Он на мгновение нахмурился, но его лицо тут же резко переменилось. Здоровяк густо басанул, широко расплываясь в улыбке:
— Обижаешь, Стёпка! Когда это я недоглядывал? Не боись, всё в лучшем виде обтяпаем.
Мы попрощались, и они, развернувшись, бесшумно растворились в лесной чащобе.
Проводив их взглядом, я вдруг остро осознал, что держусь на ногах исключительно на одних волевых. Тело налилось тяжестью, словно из вен выкачали всю кровь, залив вместо неё свинец. Голова стала ватной, а мысли вязли, как сапоги в раскисшей распутице.
Хотелось только одного — немедленно смыть с себя этот бесконечный день. Смыть чужую кровь, въевшийся пот, грязь и этот безумный, пустой взгляд оберста.
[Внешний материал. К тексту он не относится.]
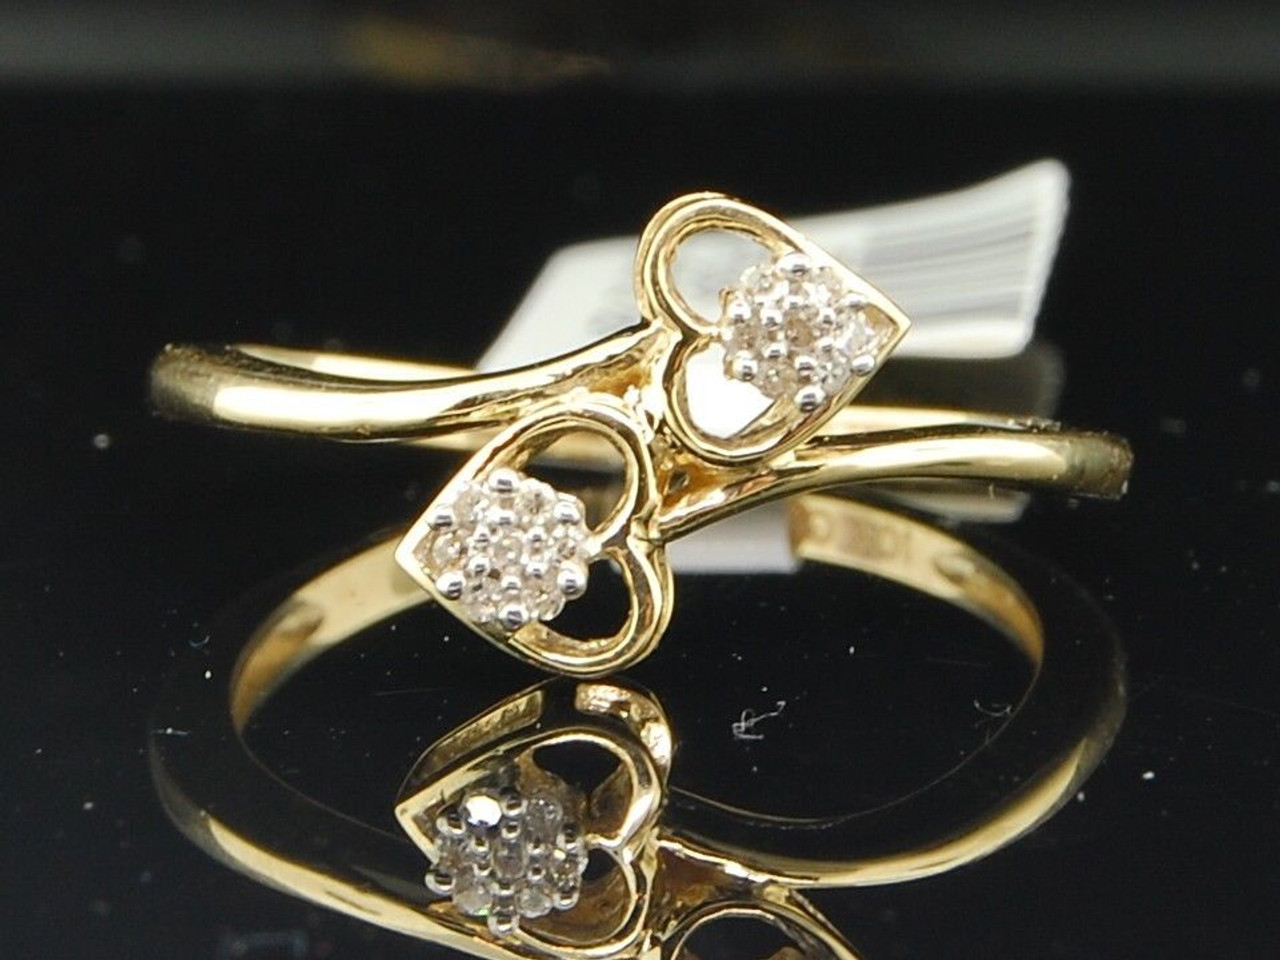 Buy Gold-Toned Rings for Women by Giva Online | Ajio.com

В голове всё ещё навязчиво крутился мотив той жуткой немецкой песенки.
Двигаясь на чистом автомате, тяжело переставляя ноги, я направился к небольшой лесной речушке, протекавшей неподалёку за периметром лагеря.
Вокруг уже почти стемнело. Я скинул на берегу провонявшую войной одежду и с наслаждением шагнул в обжигающе холодную воду. Здесь русло немного расширялось и углублялось, так что вода сразу дошла мне до пояса. Я стал яростно тереть кожу, нырять с головой, пытаясь отмыться не только снаружи, но и изнутри.
Сквозь плеск воды я вдруг услышал тихий шорох. Замер. В сумерках на берегу стояла Лиза. Она смотрела на меня задумчиво и как-то даже печально. Ни слова не говоря, она медленно стянула с себя одежду и тихо, поеживаясь от ночной прохлады, вошла ко мне в ручей.
Лиза подошла вплотную со спины. Я почувствовал тепло её мокрого тела. Она обняла меня руками, прижалась грудью к моей спине и нежно поцеловала куда-то между лопаток.
Я медленно развернулся к ней. В её глазах отражались робкие блики лунного света. Я обнял её, жадно впился в мягкие губы, скользя ладонями по влажной, озябшей спине, спускаясь рукой к крутым бедрам. Она прильнула ко мне, отвечая на поцелуй с какой-то отчаянной нежностью. И в этот момент, чувствуя её дрожь и её тепло, я понял: это было именно то, что мне сейчас необходимо. Простая, живая человеческая близость, смывающая грязь и смерть этого страшного дня.
И вновь она другая. Великая женщина, не осознавшая ни своих подвигов, ни того, что она одна такая на весь мир. Только для меня? Да, но именно такие вот великие люди, которые и врага убивают, и любить умеют всем сердцем, что не расплескали себя, они и главный генофонд в роде человеческом.